I am trying to fit an additive mixed model using bam (mgcv library). My dataset has 10^6 observations from a longitudinal study on growth in 2.10^5 children nested in 300 health centers. I am looking for the slope for each center. The model is

bam(haz ~ s(month, bs = "cc", k = 12)+ sex+ s(age)+ center+ year+ year*center+s(child, bs="re"), data)

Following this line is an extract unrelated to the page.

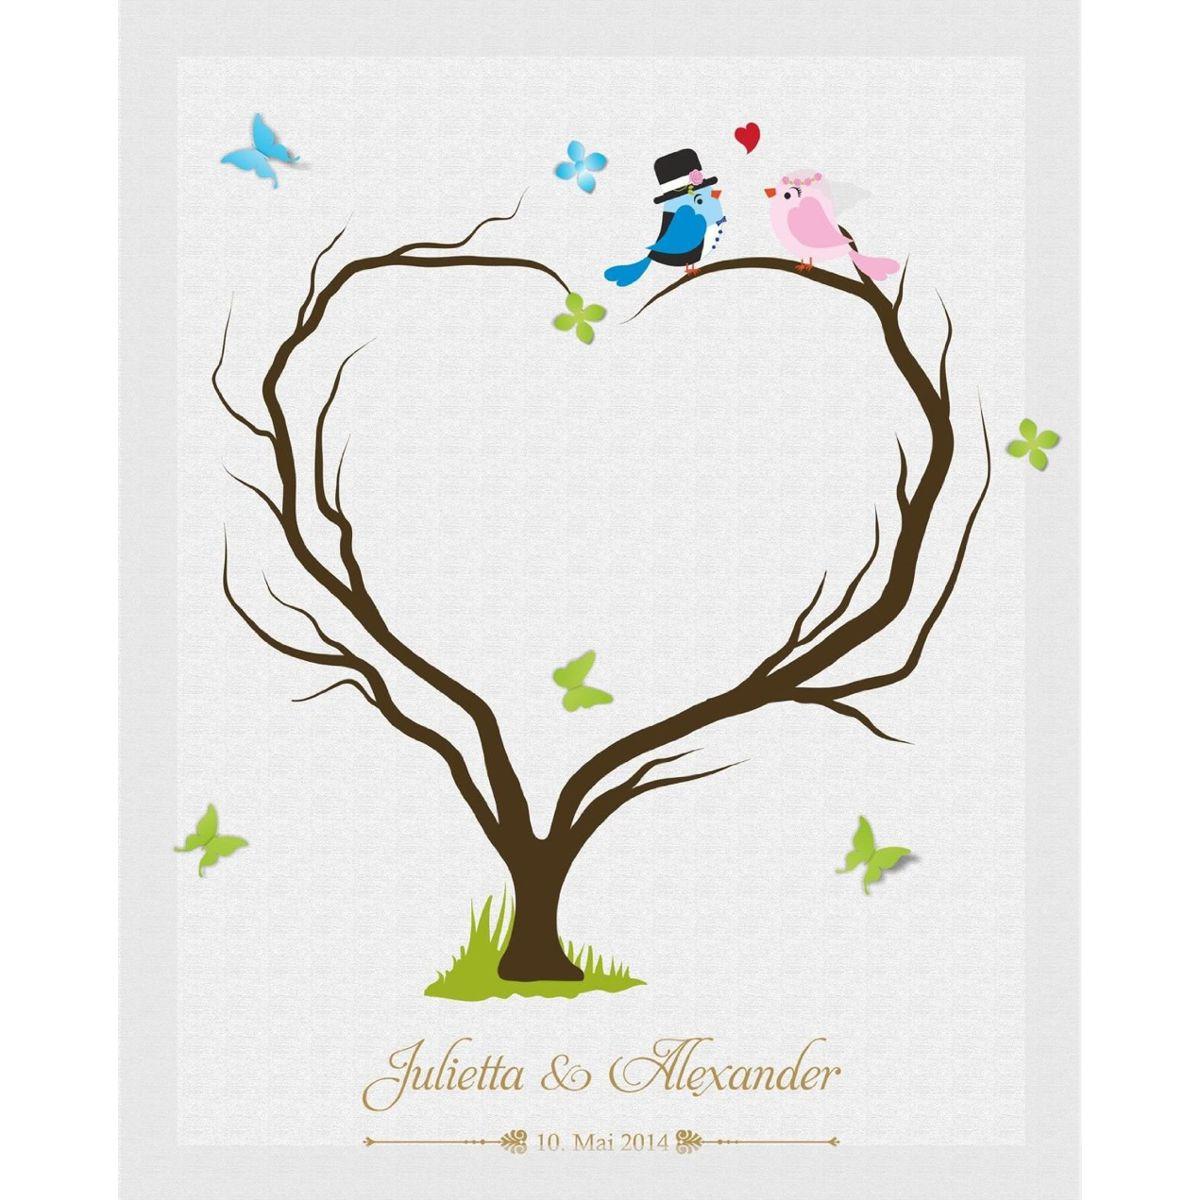 Außergewöhnlich Bild Fingerabdruck Ideen Von Hochzeitsleinwand Leinwand Fingerabdruckbaum Wedding Tree Gästebuch Herzbaum
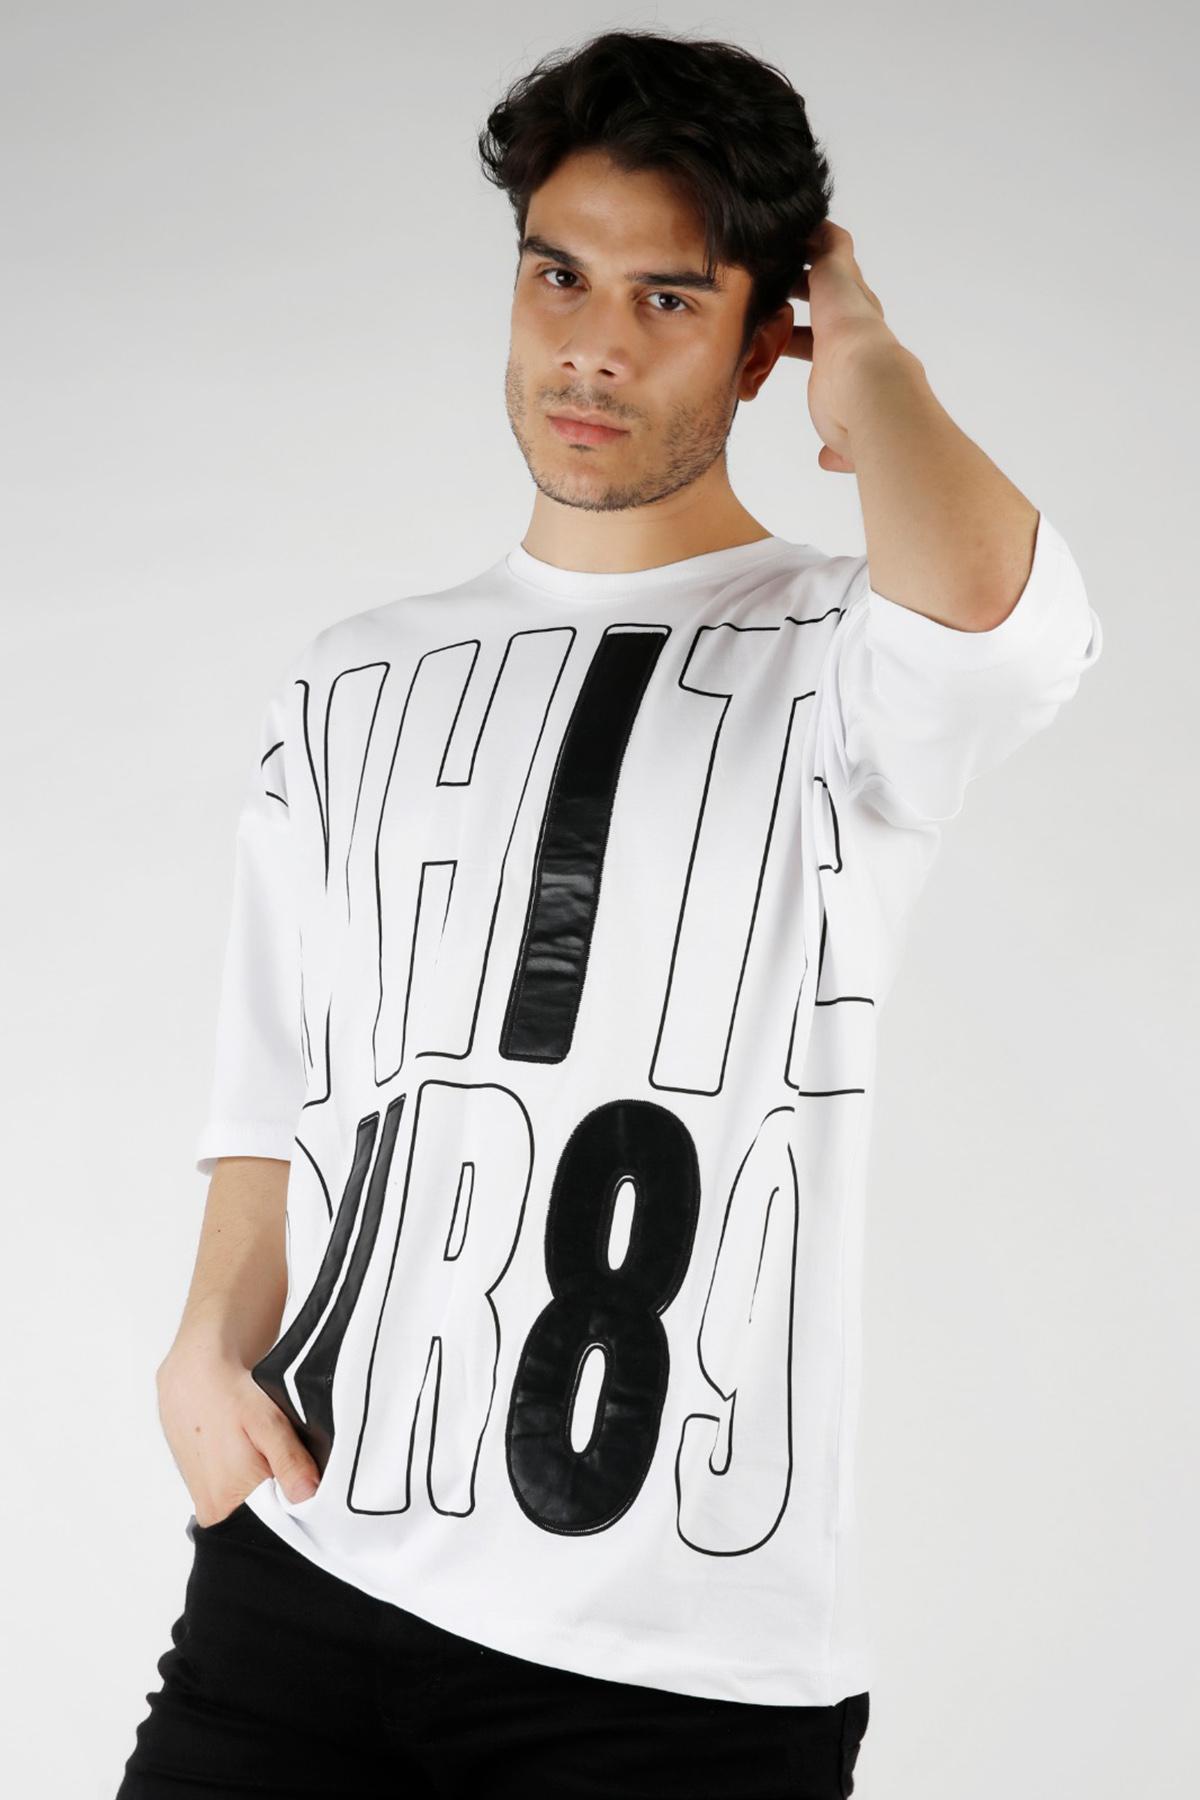 XHAN - Beyaz Baskılı Oversize T-Shirt 1KXE1-44679-01

Whenever, when I try to fit the model the following error message appears:

Error: cannot allocate vector of size 99.6 Gb
In addition: Warning message:
In matrix(by, n, q) : data length exceeds size of matrix

I am working on a cluster with 500 Gb de RAM.

Thank you for any help

Solutions to this are either very general (get more RAM) or very, very specific to your particular modeling task. e.g. see stackoverflow.com/q/10917532/324364joran

1 Answers


To diagnose more precisely where the problem is, try fitting your model with various terms left out. There are several terms in the model that could blow up on you:

  • the fixed effects involving center will blow up to 300 columns * 10^6 rows; depending on whether year is numeric or a factor, the year*center term could blow up to 600 columns or (nyears*300) columns
  • it's not clear to me whether bam uses sparse matrices for s(.,bs="re") terms; if not, you'll be in big trouble (2*10^5 columns * 10^6 rows)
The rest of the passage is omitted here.